The inaccuracies in Perkins’ film came out after Jones’ family members found out that Jones was reported in the film as dying on Dec. 31, 2005. This infuriated his family because Jones is still alive and well, living with his wife, Nancy, in Maryland. The inaccuracies fooled many news agencies, including USA Today, into believing Perkins’ film was telling the true story.
The reality of what happened on V-J Day? Jones and Earl Allison, both messengers for the RCA communications office, were instructed to deliver a coded surrender message to the Swiss Legation building. Allison, who was driving (not Jones), thought they were to go to the White House, which is why he made a U-turn. They were stopped for making the illegal U-turn, so that part is true. But a pancake breakfast was never involved, and the two did not dawdle, as they had an inkling of what the top-secret message was about.

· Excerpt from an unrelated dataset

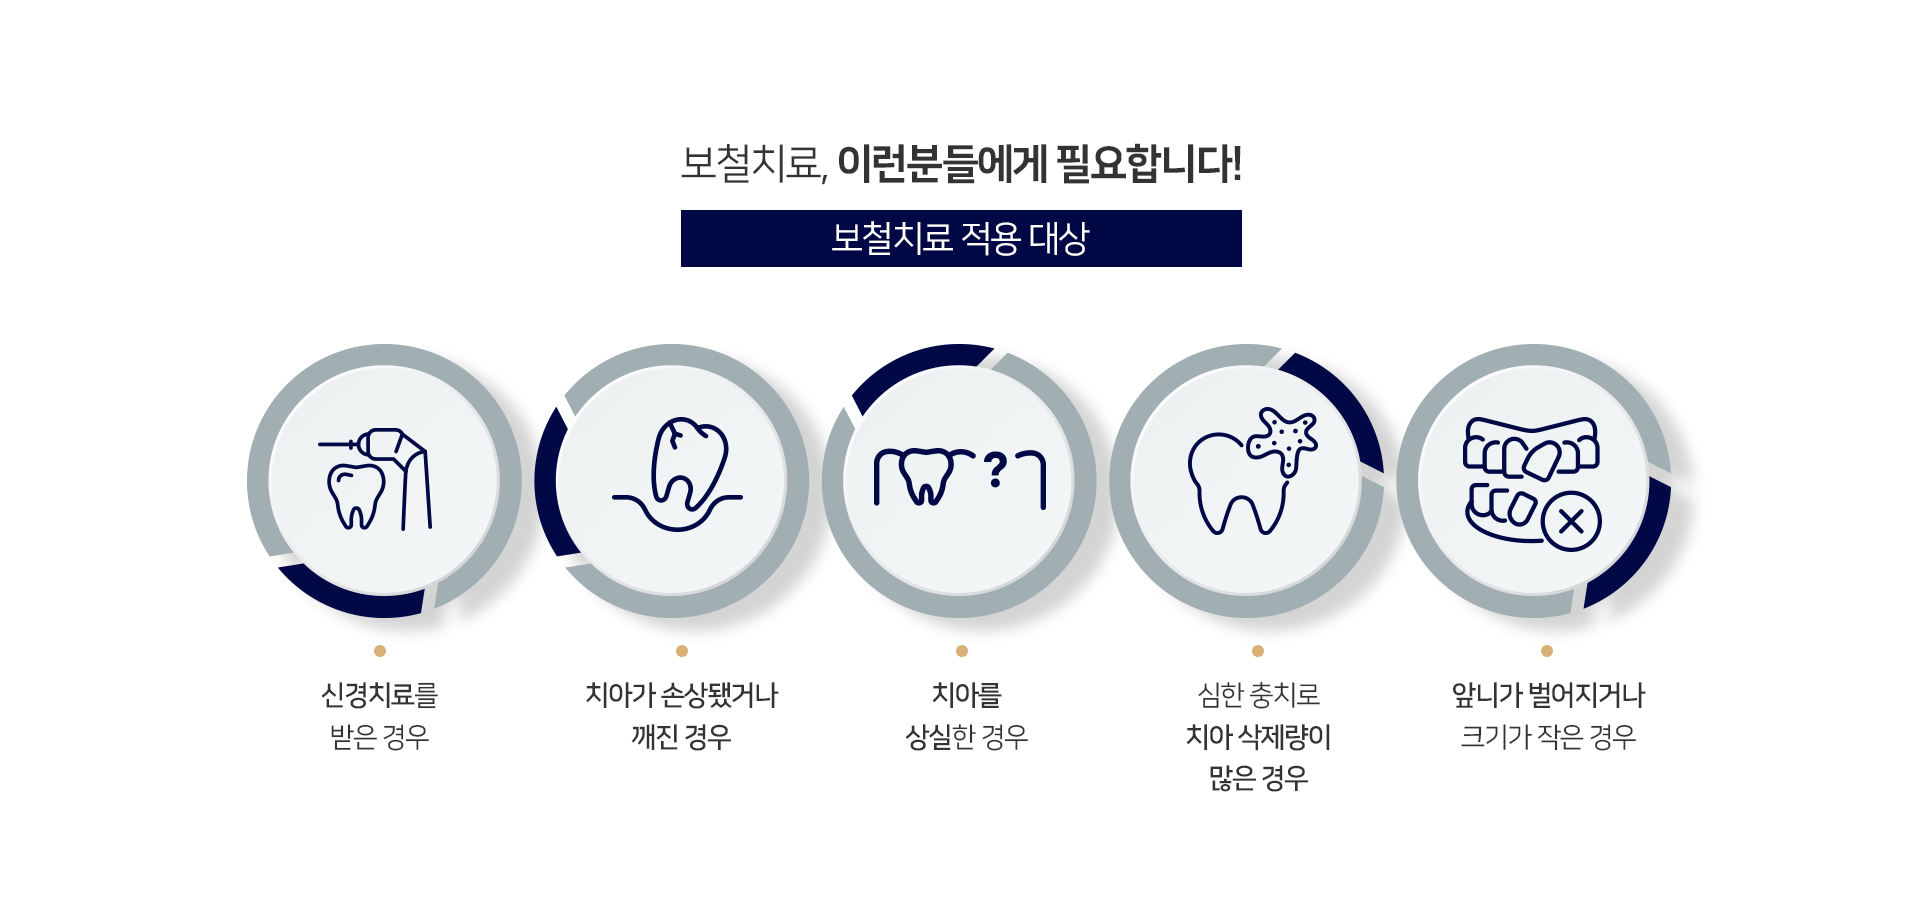 적용-대상-신경치료를-받은-경우-치아가-손상됐거나-깨진-경우-치아를-상실한-경우-심한-충치로-치아-삭제량이-많은-경우-앞니가-벌어지거나-크기가-작은-경우

Perkins’ film is the latest instance of artists taking the truth and distorting it to tell a good story. Earlier this year, author James Frey came under fire for his purported memoir, A Million Little Pieces, since he embellished upon the actual happenings in the book. After it came to light that Frey was not telling the whole truth – or even half of it – he wrote an author’s note that will appear in future editions of the book in which he says he “didn’t initially think of what (he) was writing as nonfiction or fiction, memoir or autobiography.” If Frey was unsure if the book was anything but the whole truth, then he shouldn’t have misled readers by labeling it as a memoir.
The same goes for Perkins, who did not do all the necessary research for his project. Perkins said that he had trouble finding the real Jones, so he assumed that Jones was dead and hired an actor to portray him. When artists such as Perkins and Frey ignore reality and make stories that aren’t exactly reality but label them as truth stories, they mislead the public and hurt many.